PyTorch API and Feature Requests: Users request new features such as a torch.dtype.kind attribute for dtype identification, addition of numerical algorithm packages, and improved exception types for clarity, reflecting ongoing efforts to enhance PyTorch's usability and extensibility.  
[issues/161623, issues/161774, issues/161921]

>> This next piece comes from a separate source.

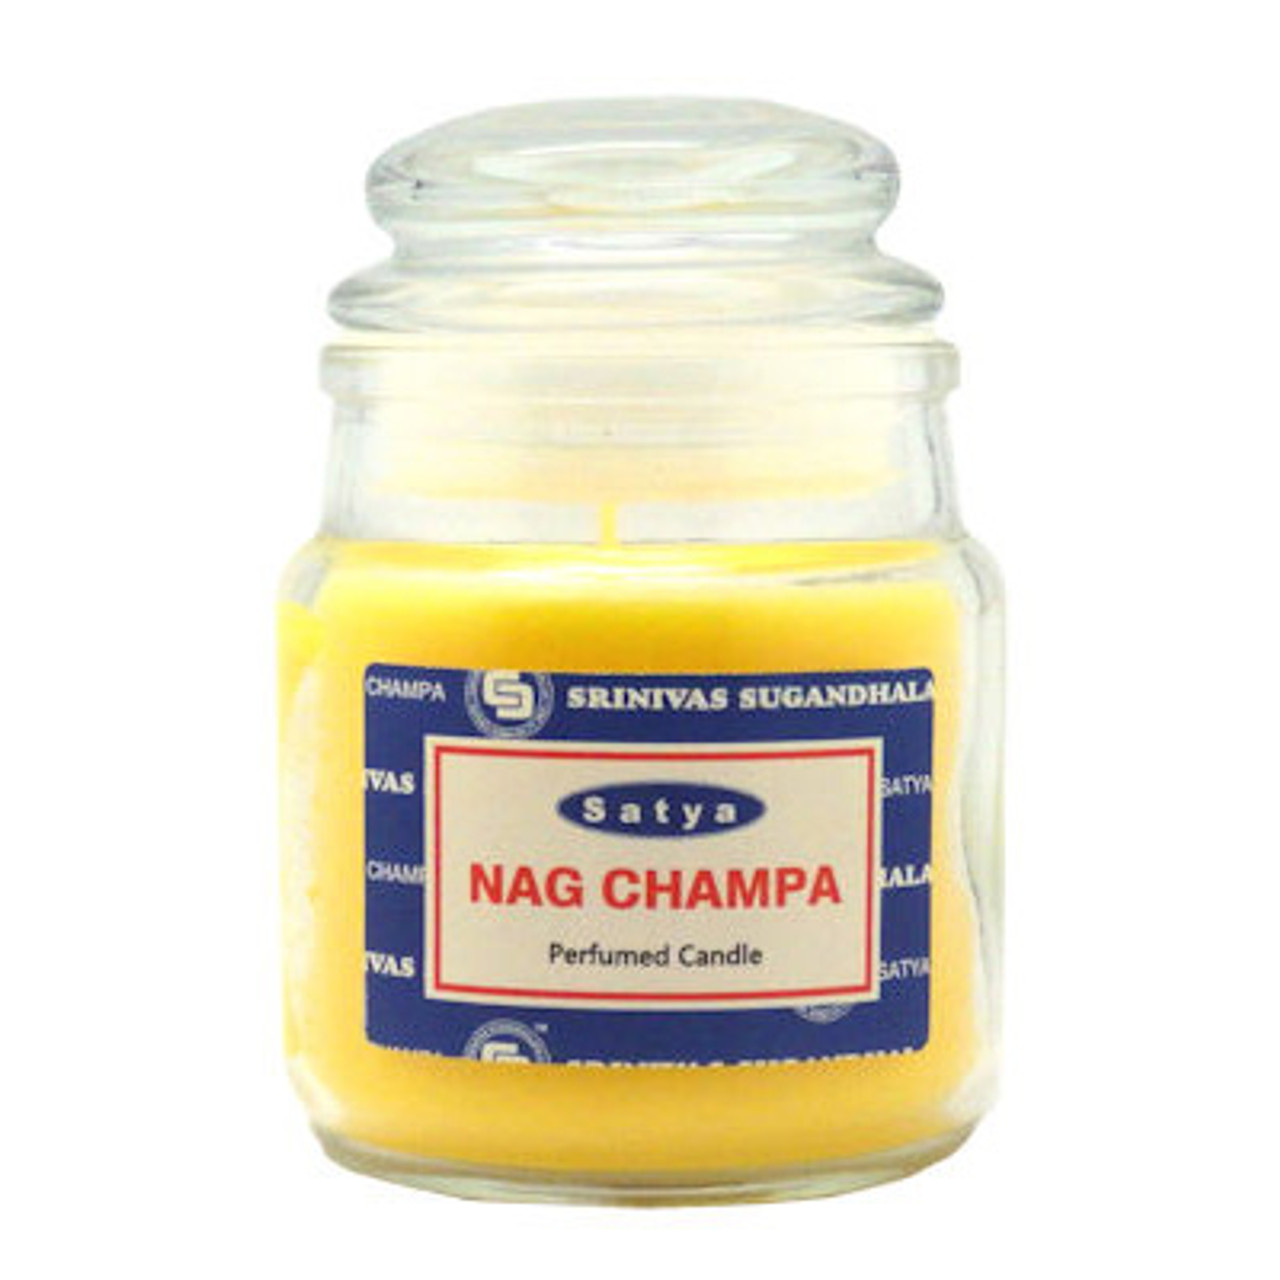 Nag Champa Jar Candle
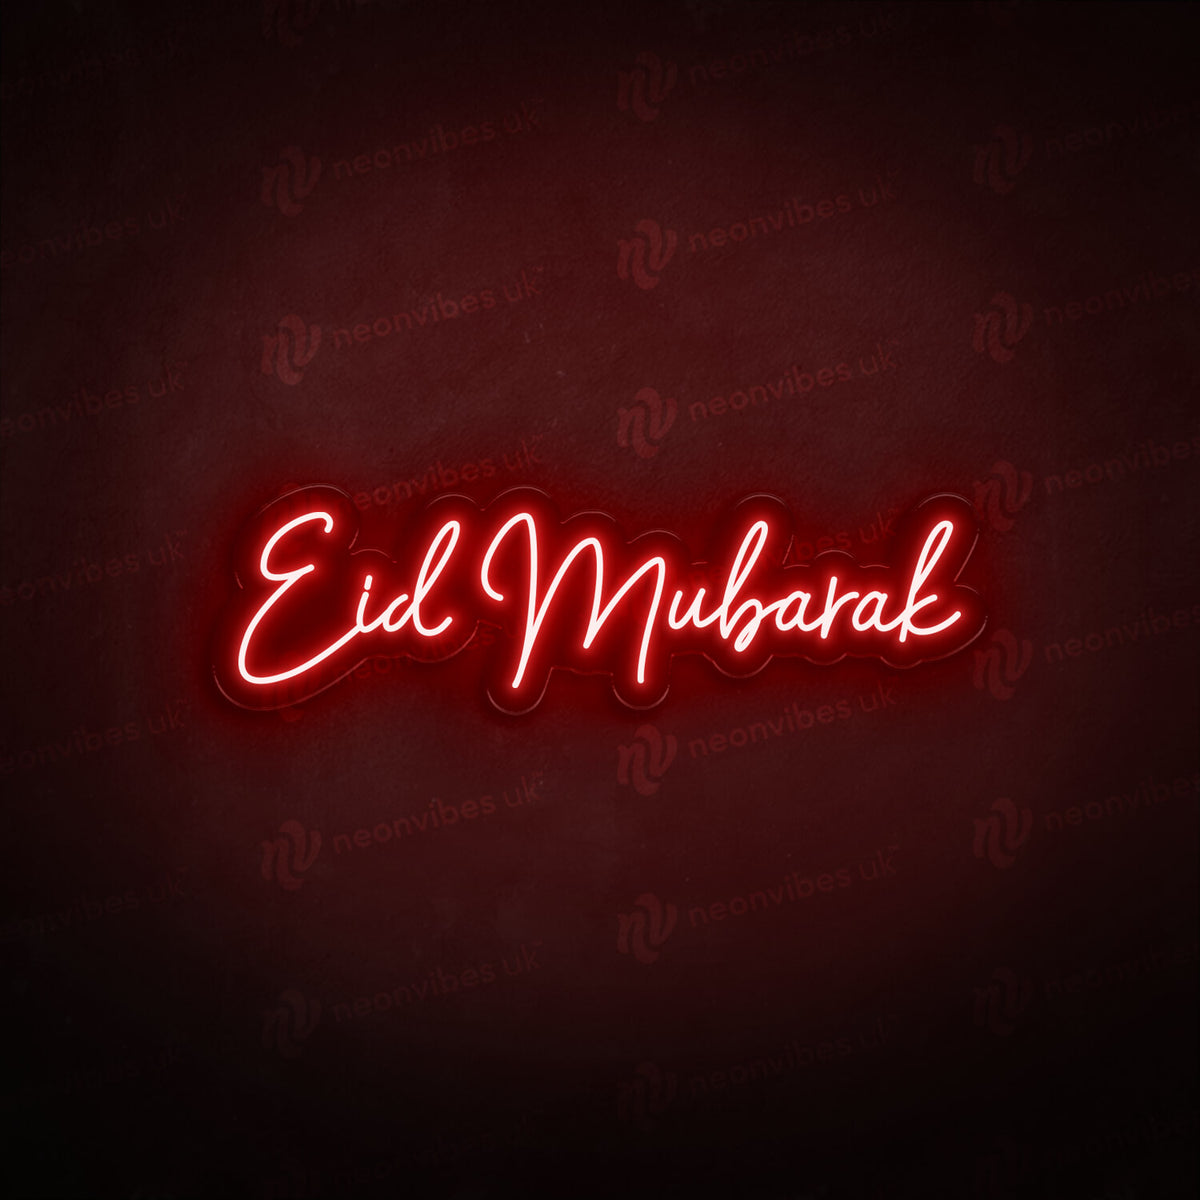 Eid Mubarak neon sign

Performance Regressions and Optimization Issues: Performance regressions are reported in operations like toDLPack conversion and CPU multithreading usage, where expected speedups are not realized due to internal bottlenecks or overhead increases.  
[issues/162113, issues/161948]

Pattern Matcher and Graph Compilation Bugs: The pattern matcher can produce topological ordering errors by using nodes before definition when replacing multi-output patterns, requiring workarounds to maintain correct graph compilation order.  
[issues/162019]

Operator and Backend Implementation Bugs: Specific operators such as rotary_embedding fail on CPU-only setups due to missing registrations, and Inductor backend's use of fast math in exp causes numerical discrepancies, indicating backend implementation issues.  
[issues/161735, issues/161944]

Model Loading and Compilation Errors: Loading traced TorchScript models in C++ can fail due to missing headers, and compilation errors occur when undefined functions like cuda_capability_geq are referenced in generated Triton code, causing runtime failures.  
[issues/162156, issues/161868]

License and Repository Metadata Issues: The PyTorch repository README and LICENSE files show inconsistencies regarding BSD licensing, which may affect clarity for users and AI parsing tools.  
[issues/162074]

ONNX Export Serialization Bugs: ONNX export incorrectly serializes attributes such as allowzero in reshape operations as booleans instead of integers, breaking downstream workflows and causing serialization errors.  
[issues/161941]

Segmentation Faults and Runtime Crashes: Segmentation faults occur in modules like torch.nn.MaxUnpool2d under specific CUDA versions and hardware, leading to crashes during test execution.  
[issues/161888]

Miscellaneous Bugs and Requests: Other issues include fixing duplicate imports, adding examples to documentation, and addressing static image output bugs on specific GPU architectures during ComfyUI compilation.  
[issues/161684, issues/161899, issues/161861]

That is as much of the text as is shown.